1.7.1 – comment force check issue

I have been testing comments in 1.7.1 this evening and found an issue with the changes to gm-comments.cgi where you can specify that comments are forced through a preview and then a random string is generated to ask the user to enter it before the post is made to avoid some of the comment spam. This code is shown between lines 155 and 172:


if ( ($IN{‘gmpostpreview’} ne “”) || ($IN{‘gmpostpreview.x’} ne “”) ) {
} else {
if( $commentforcepreview eq Gm_Constants::YES && !exists( $IN{‘postit’} ) ){
## if force preview, check if var ‘postit’ only found on preview page
}if( $commentverify eq ‘static’ || $commentverify eq ‘random’ ){
## if force preview, check if var ‘postit’ only found on preview page


The logic is that a user can press preview or submit, either way now if force preview is set the user previews the comment. The forceverify function is supposed to then display a random number for the user to enter and if this is successful then the comment is posted.

The issue is that the hidden value “postit” is never set. To fix this add the following line:


<INPUT TYPE=HIDDEN NAME=”postit” VALUE=”postit” />

to the “Confirmation Form Template” at the end just above the:



line. My tests showed this to work.

That is weird, because if you look at the function that prints the page with the random string, I use a hidden field in the form for postit, at around line 768 of gm-comments:


$userMessage .= ‘<INPUT TYPE=HIDDEN NAME=”postit” VALUE=”postit”>’.”\n”;

I thought I had tested this case, but will investigate when I get a chance.

Sorry I missed out a vital bit of information in my last post.

The issue before I made the fix was that I posted a comment, pressed preview and it displayed the comment nicely. I was presented with the post it button on the preview page and I pressed it. This simply dispayed the preview page again with the same button and i never got the string to enter screen generated by gm_forceverify.

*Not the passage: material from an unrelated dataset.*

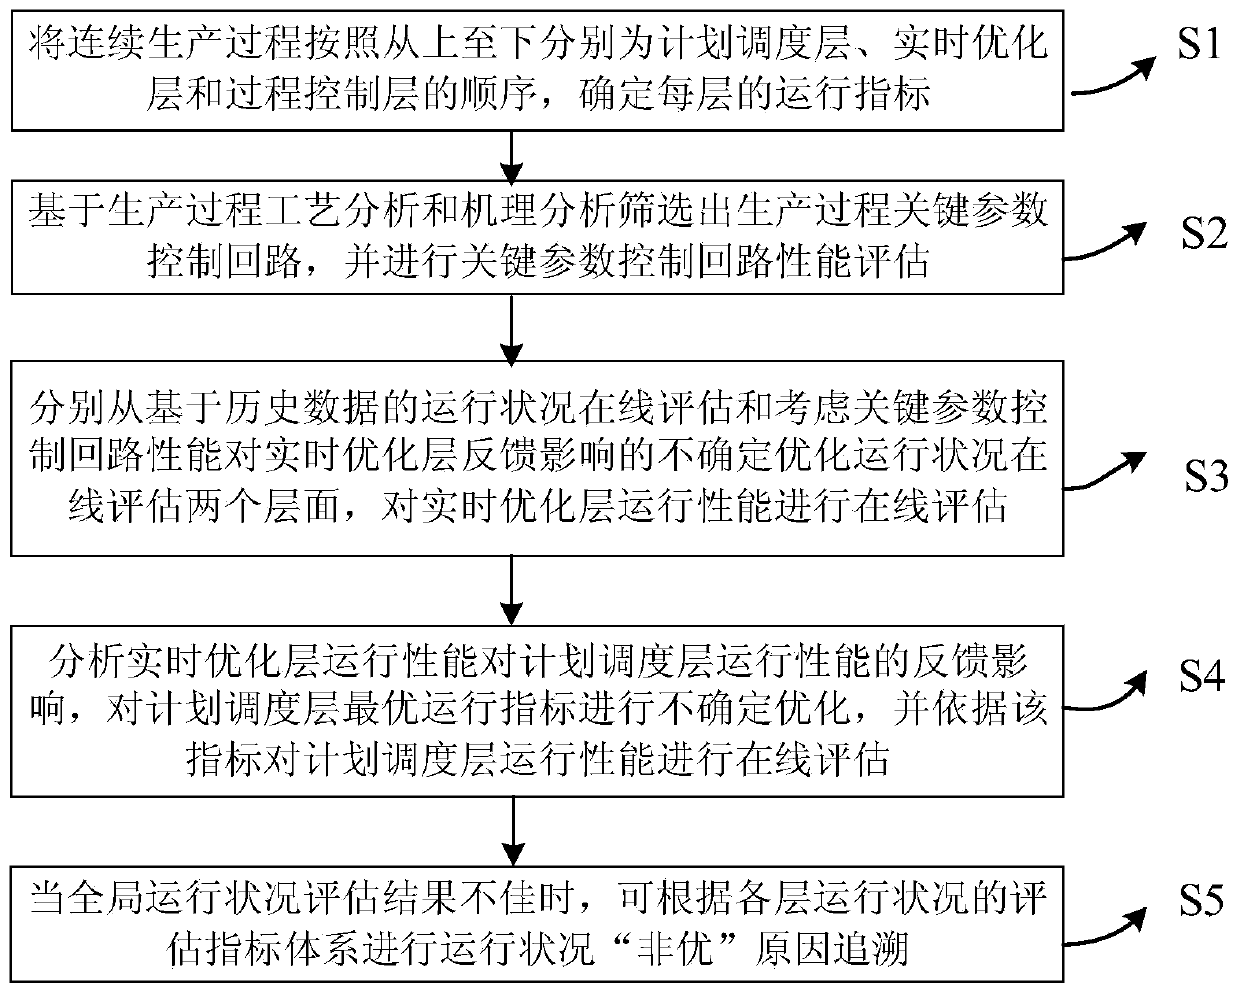 Method suitable for online evaluation of global operation condition in continuous production process

The code line you mention is in the gm_forceverify function. This function is never called though as if you see the code section i pasted in this thread, you get to the gm_previewcomment function and it displays the preview and then asks you to post the comment. This function (gm_previewcomment) doesnt set the hidden name “postit” with the value “postit” so you end up back in gm_previewcomment again – in a loop..

My fix was to set the hidden name “postit” in the preview template so that it gets set the first time you preview so that next time through the code you end up in gm_forceverify.

I think I got whats causing this confusion.

I started with the 1.3.1 templates, and for the “Confirmation Form Template” they use this code for the submit button:


<input type=”submit” name=”postit” value=”Post It” />

I am guessing your button did not? Your solution works as well as making sure the ‘name’ attribute from above is “postit”.

Thanks for tour feedback on this one. I started with 1.3.0 and my template didnt have the name=”postit” set for the button. I guess we ought to update the documentation to advise people to update this template or do it automatically but that could be problematic!

Yeah, I wasn’t sure how to do it automatically, I was just hopeing that everyone had postit in the template (oh silly me).

I was thinking that I could make a note in the config blurb to tell people about this, otherwise, not sure where the documentation for this would go?